What the task asks: Would you please repeat all of the data exactly, omitting the pictures?

Material provided:
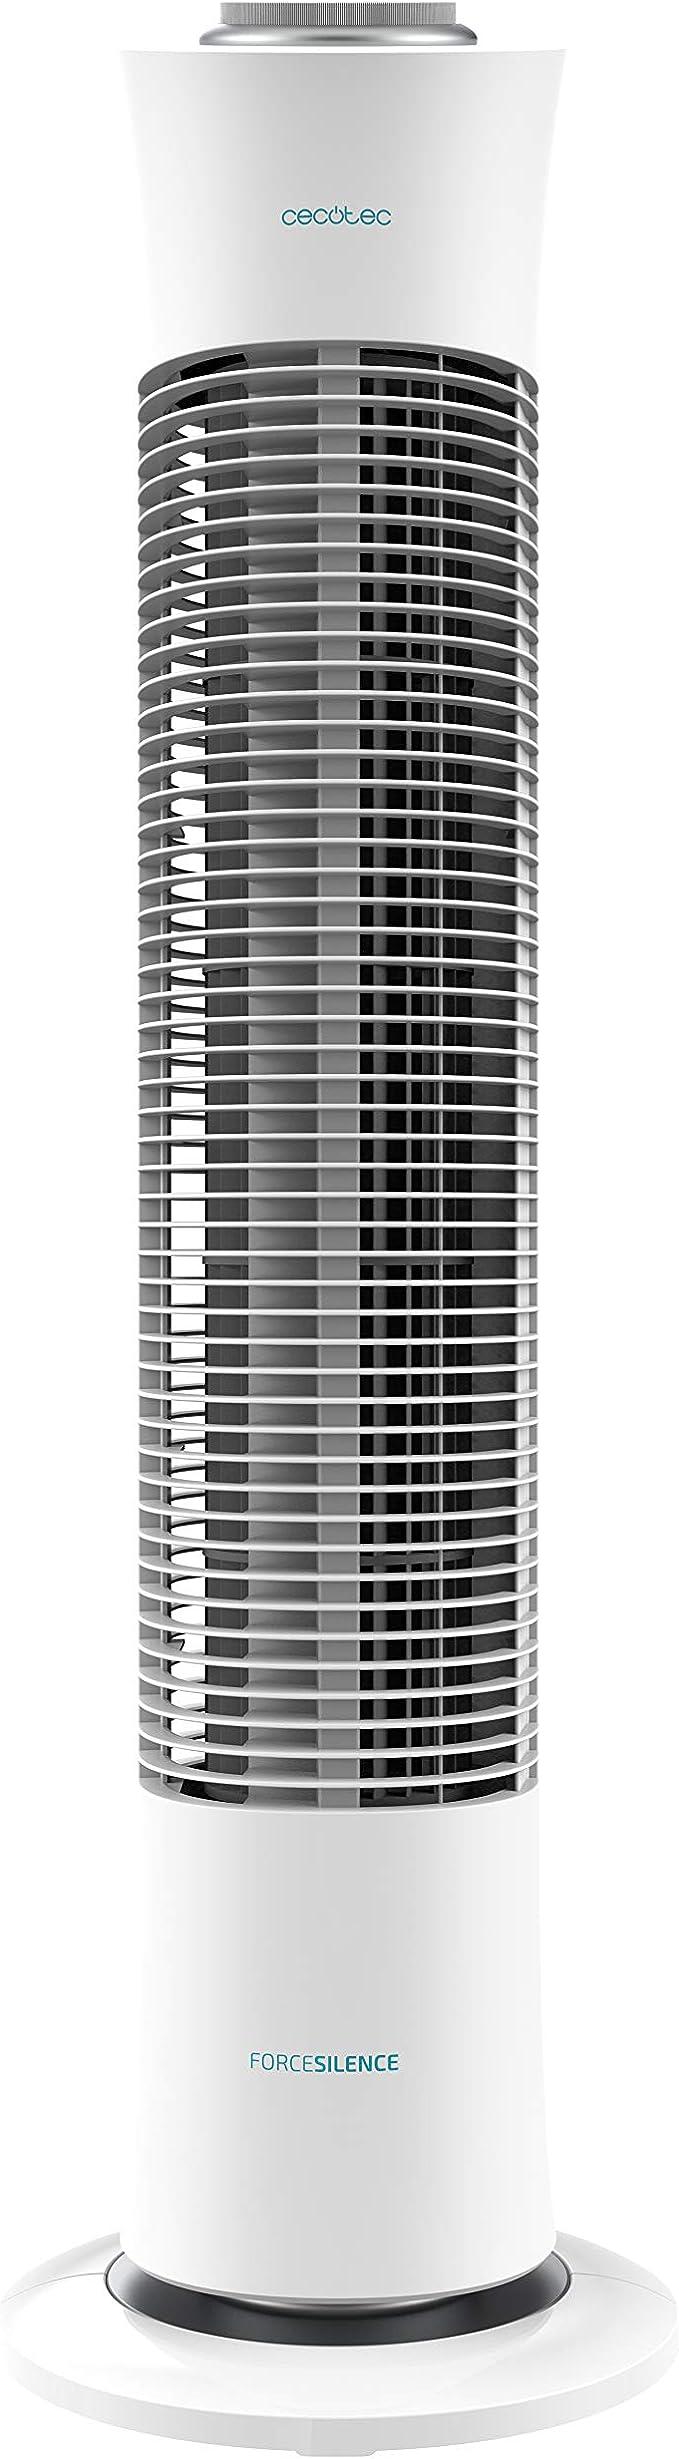 Cecotec Ventilador de Torre EnergySilence 6090 Skyline. 30 (76cm ...
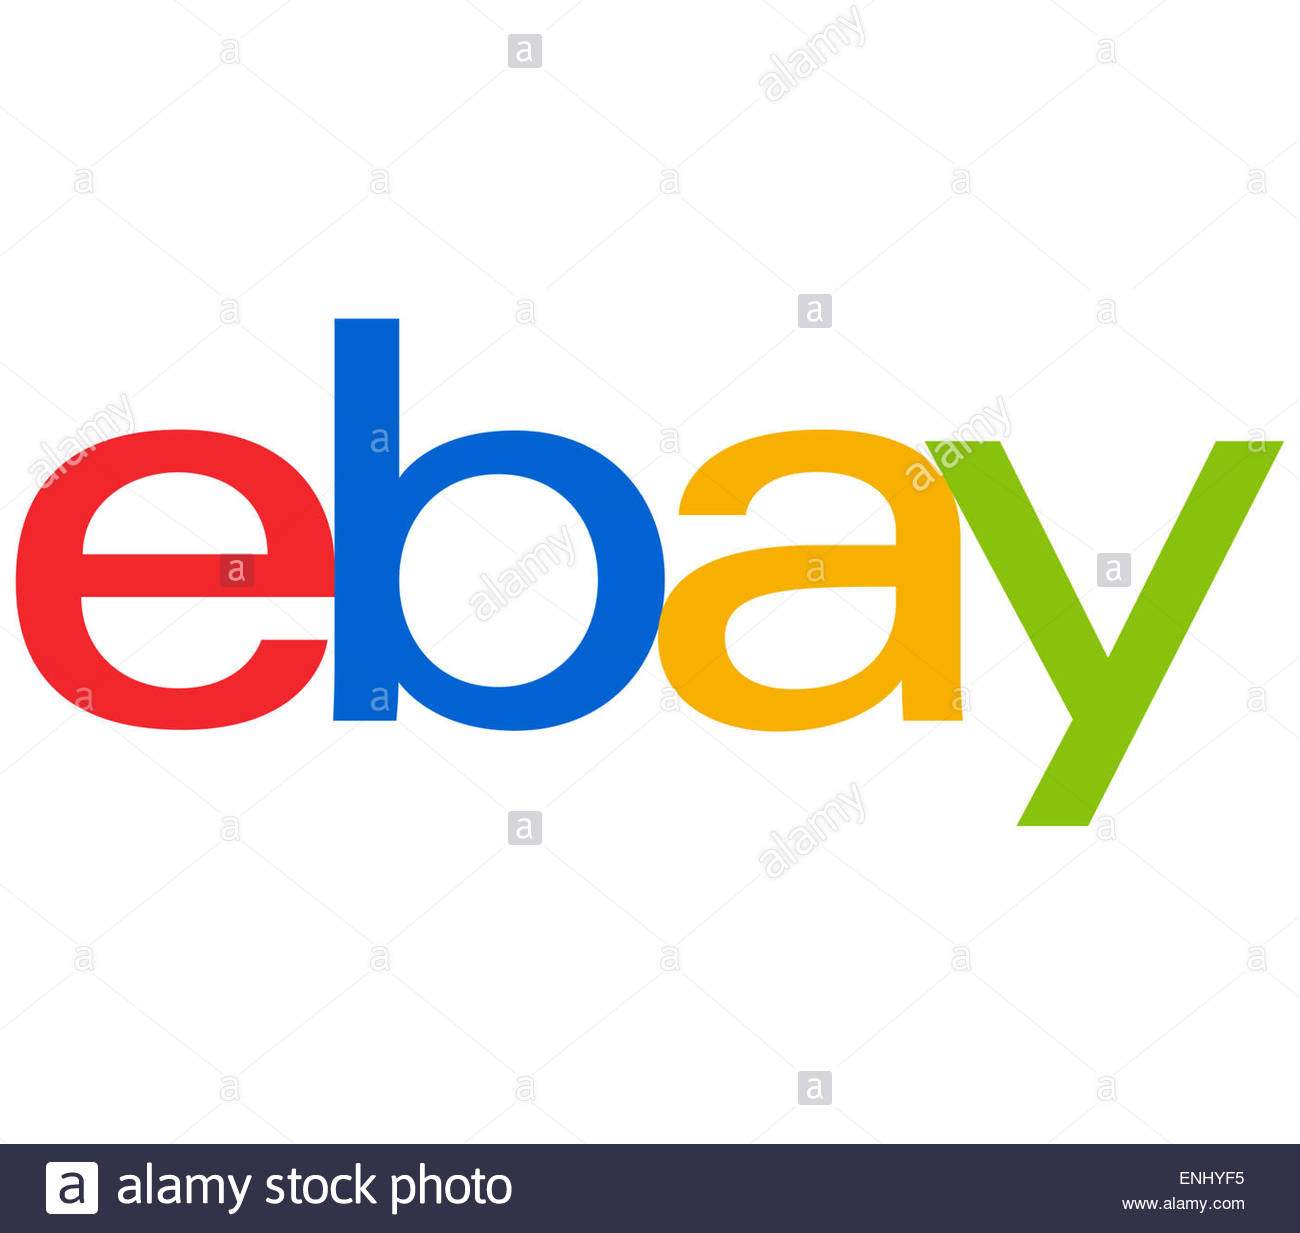 Ebay Logo Stock Photos Ebay Logo Stock Images Alamy
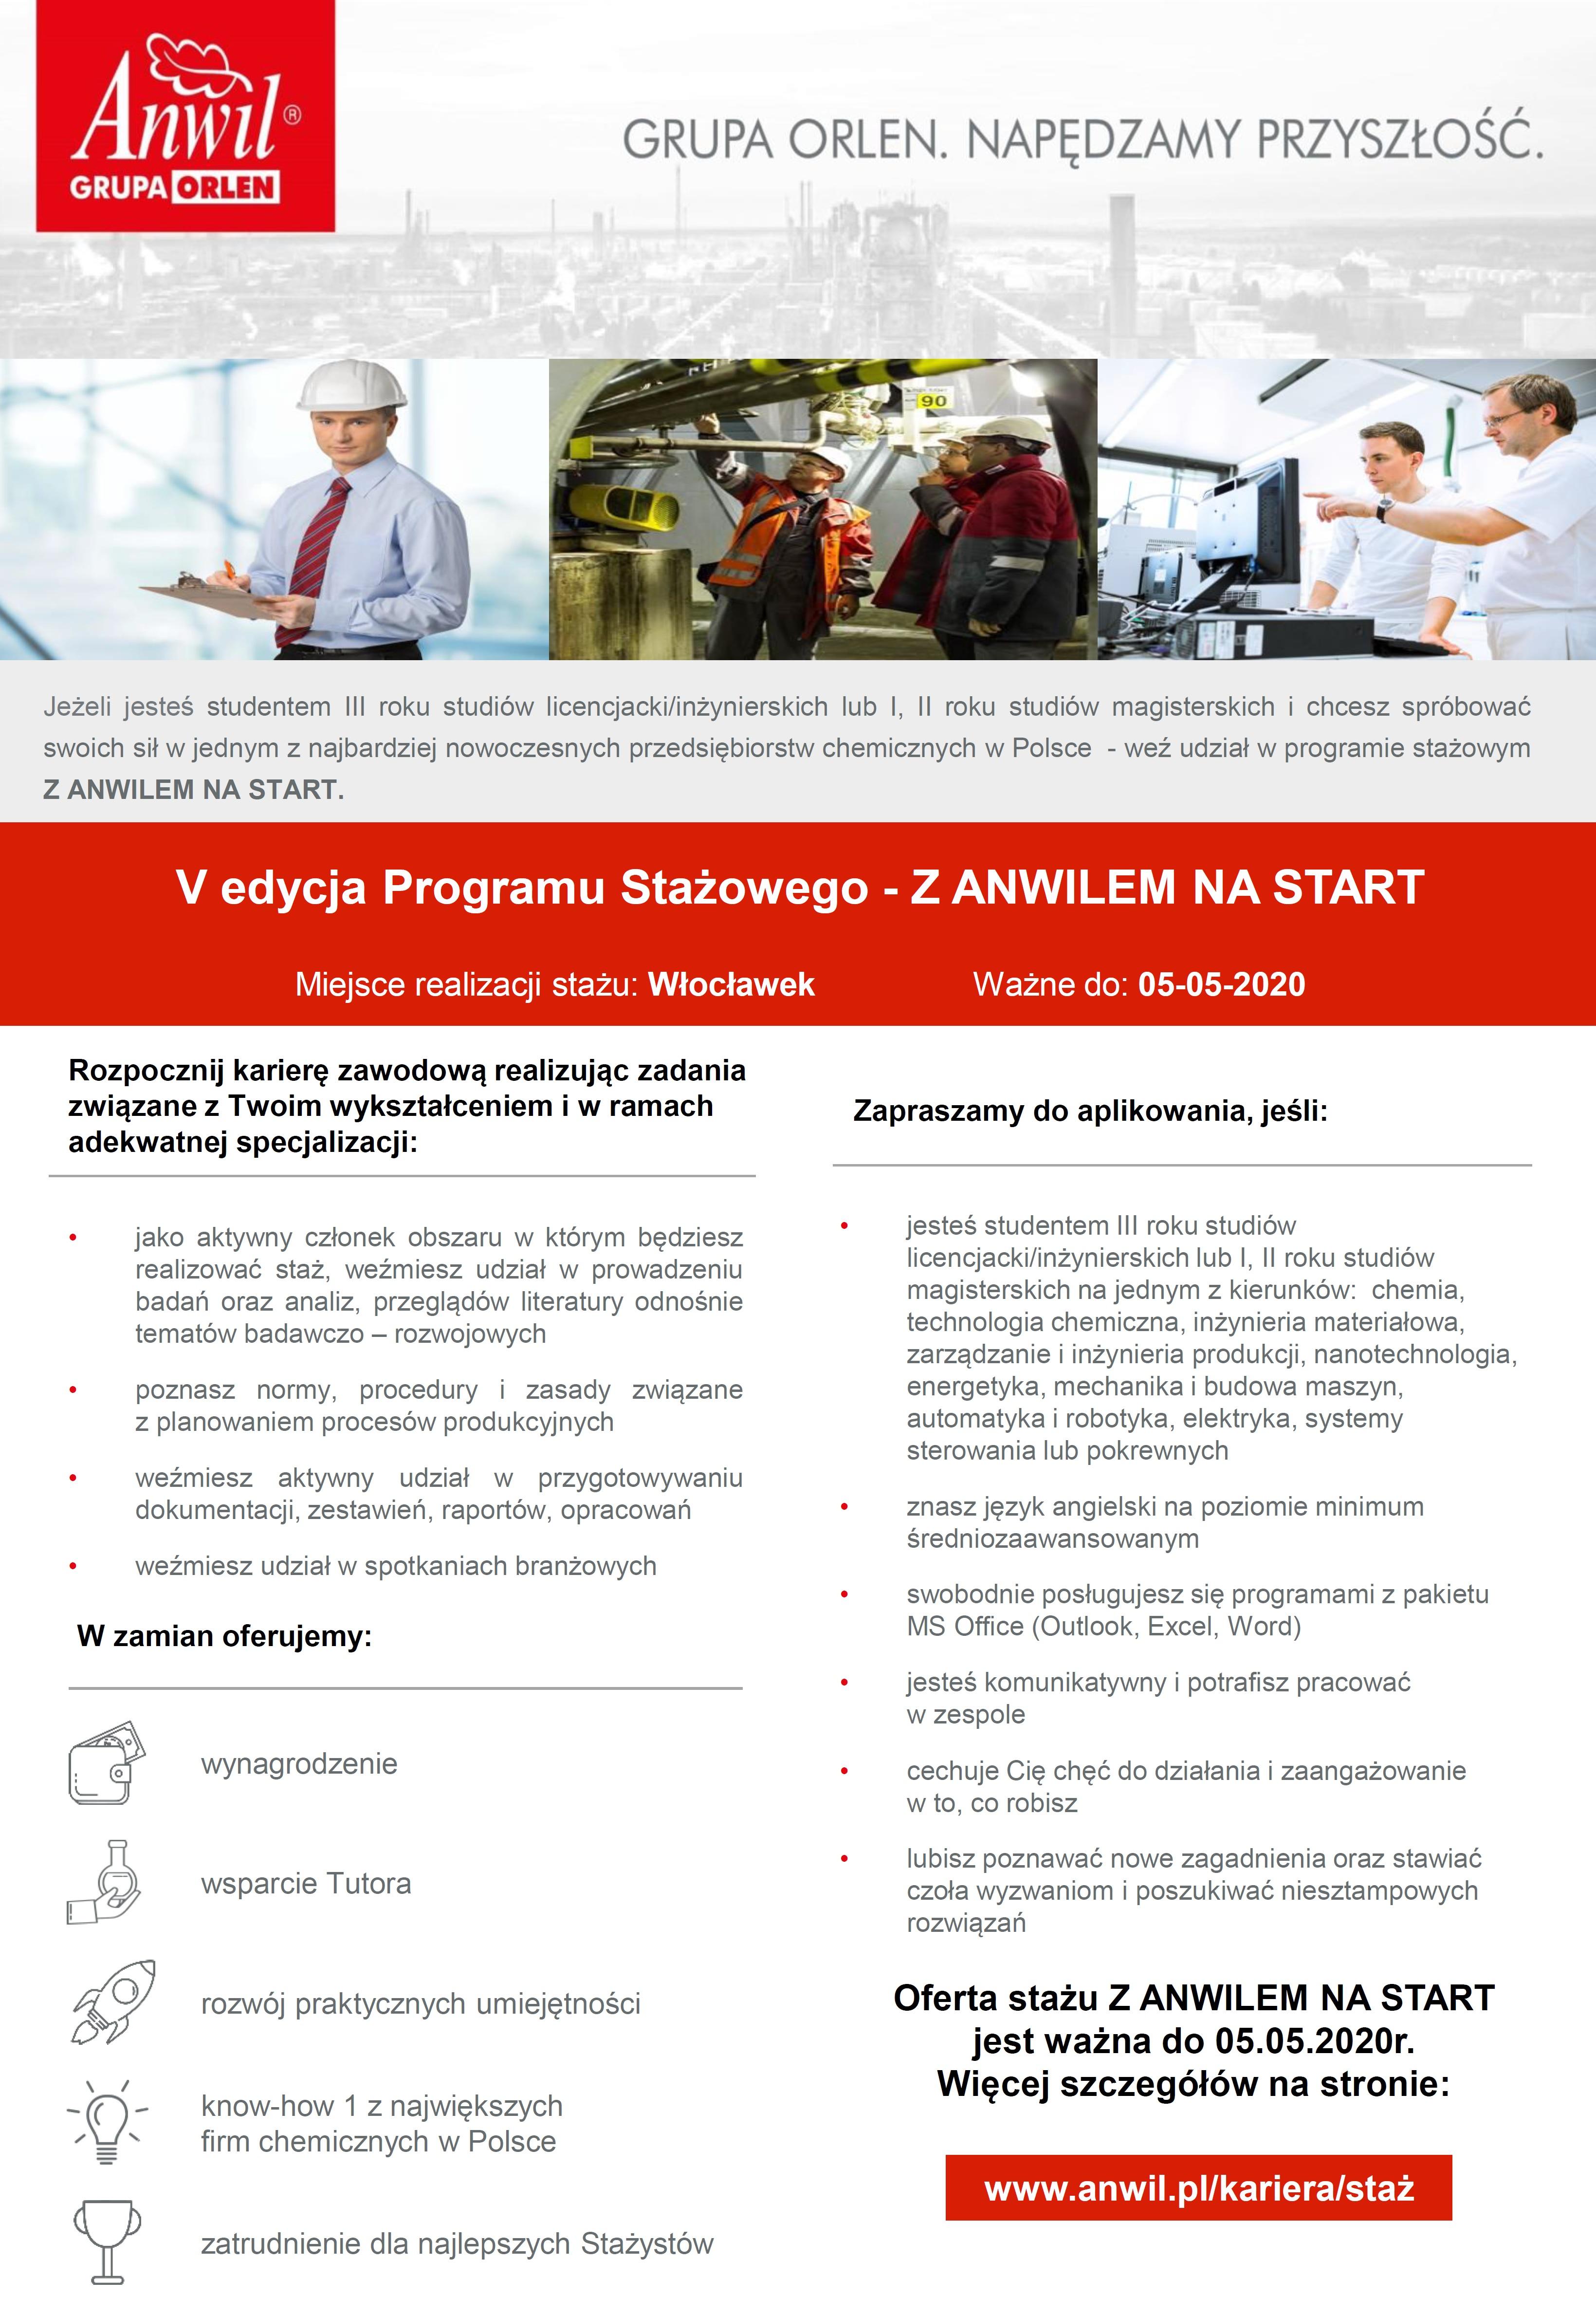 V edycja Programu Stażowego -  Z ANVILEM NA START

Exercise result:
 Cecotec Ventilador de Torre EnergySilence 6090 Skyline. 30 (76cm ...
 Ebay Logo Stock Photos Ebay Logo Stock Images Alamy
 V edycja Programu Stażowego -  Z ANVILEM NA START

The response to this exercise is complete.